[Records from a data source]
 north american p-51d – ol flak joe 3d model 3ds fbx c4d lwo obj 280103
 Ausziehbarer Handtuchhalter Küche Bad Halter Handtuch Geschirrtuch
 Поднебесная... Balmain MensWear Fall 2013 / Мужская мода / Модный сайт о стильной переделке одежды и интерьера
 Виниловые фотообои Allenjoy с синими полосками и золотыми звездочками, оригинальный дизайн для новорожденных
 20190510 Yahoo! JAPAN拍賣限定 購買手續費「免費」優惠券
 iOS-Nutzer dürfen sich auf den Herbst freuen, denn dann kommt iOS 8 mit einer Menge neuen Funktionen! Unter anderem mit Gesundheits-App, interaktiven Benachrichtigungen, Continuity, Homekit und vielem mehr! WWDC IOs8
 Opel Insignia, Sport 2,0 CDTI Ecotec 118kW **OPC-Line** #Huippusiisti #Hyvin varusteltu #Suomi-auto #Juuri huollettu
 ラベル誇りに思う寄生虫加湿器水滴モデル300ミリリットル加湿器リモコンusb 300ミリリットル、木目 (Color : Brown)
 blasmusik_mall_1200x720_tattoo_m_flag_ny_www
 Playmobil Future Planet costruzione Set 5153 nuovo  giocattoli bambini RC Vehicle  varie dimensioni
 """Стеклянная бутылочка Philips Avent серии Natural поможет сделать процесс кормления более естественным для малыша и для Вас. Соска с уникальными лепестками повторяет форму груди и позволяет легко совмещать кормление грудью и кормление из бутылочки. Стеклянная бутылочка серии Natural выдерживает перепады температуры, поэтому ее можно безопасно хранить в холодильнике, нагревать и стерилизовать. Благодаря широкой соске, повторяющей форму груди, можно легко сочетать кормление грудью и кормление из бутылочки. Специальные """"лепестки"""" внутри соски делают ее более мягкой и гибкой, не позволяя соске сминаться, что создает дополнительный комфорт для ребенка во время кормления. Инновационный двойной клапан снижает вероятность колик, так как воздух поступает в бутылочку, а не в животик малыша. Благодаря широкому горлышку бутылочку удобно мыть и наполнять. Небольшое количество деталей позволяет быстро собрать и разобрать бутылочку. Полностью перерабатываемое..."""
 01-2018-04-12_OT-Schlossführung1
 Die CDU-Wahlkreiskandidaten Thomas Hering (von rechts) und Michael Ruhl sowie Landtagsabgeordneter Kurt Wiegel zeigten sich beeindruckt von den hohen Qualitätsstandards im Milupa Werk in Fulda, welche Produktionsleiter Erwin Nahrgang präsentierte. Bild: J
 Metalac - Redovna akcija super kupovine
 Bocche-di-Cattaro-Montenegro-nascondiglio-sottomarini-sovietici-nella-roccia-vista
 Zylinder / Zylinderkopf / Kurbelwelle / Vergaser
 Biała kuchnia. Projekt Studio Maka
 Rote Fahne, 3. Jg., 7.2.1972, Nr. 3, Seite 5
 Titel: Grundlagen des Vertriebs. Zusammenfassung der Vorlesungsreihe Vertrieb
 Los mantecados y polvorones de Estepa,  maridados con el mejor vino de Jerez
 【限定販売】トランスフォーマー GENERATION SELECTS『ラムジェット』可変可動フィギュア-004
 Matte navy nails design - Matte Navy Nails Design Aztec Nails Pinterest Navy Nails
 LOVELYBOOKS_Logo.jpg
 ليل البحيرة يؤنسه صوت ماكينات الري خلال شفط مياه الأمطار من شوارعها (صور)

### EXERCISE PROMPT
Retype the entries above exactly, but only from the line containing "Metalac - Redovna akcija super kupovine" through the line containing "Matte navy nails design - Matte", both included.

### SOLUTION FOR THIS EXERCISE
 Metalac - Redovna akcija super kupovine
 Bocche-di-Cattaro-Montenegro-nascondiglio-sottomarini-sovietici-nella-roccia-vista
 Zylinder / Zylinderkopf / Kurbelwelle / Vergaser
 Biała kuchnia. Projekt Studio Maka
 Rote Fahne, 3. Jg., 7.2.1972, Nr. 3, Seite 5
 Titel: Grundlagen des Vertriebs. Zusammenfassung der Vorlesungsreihe Vertrieb
 Los mantecados y polvorones de Estepa,  maridados con el mejor vino de Jerez
 【限定販売】トランスフォーマー GENERATION SELECTS『ラムジェット』可変可動フィギュア-004
 Matte navy nails design - Matte Navy Nails Design Aztec Nails Pinterest Navy Nails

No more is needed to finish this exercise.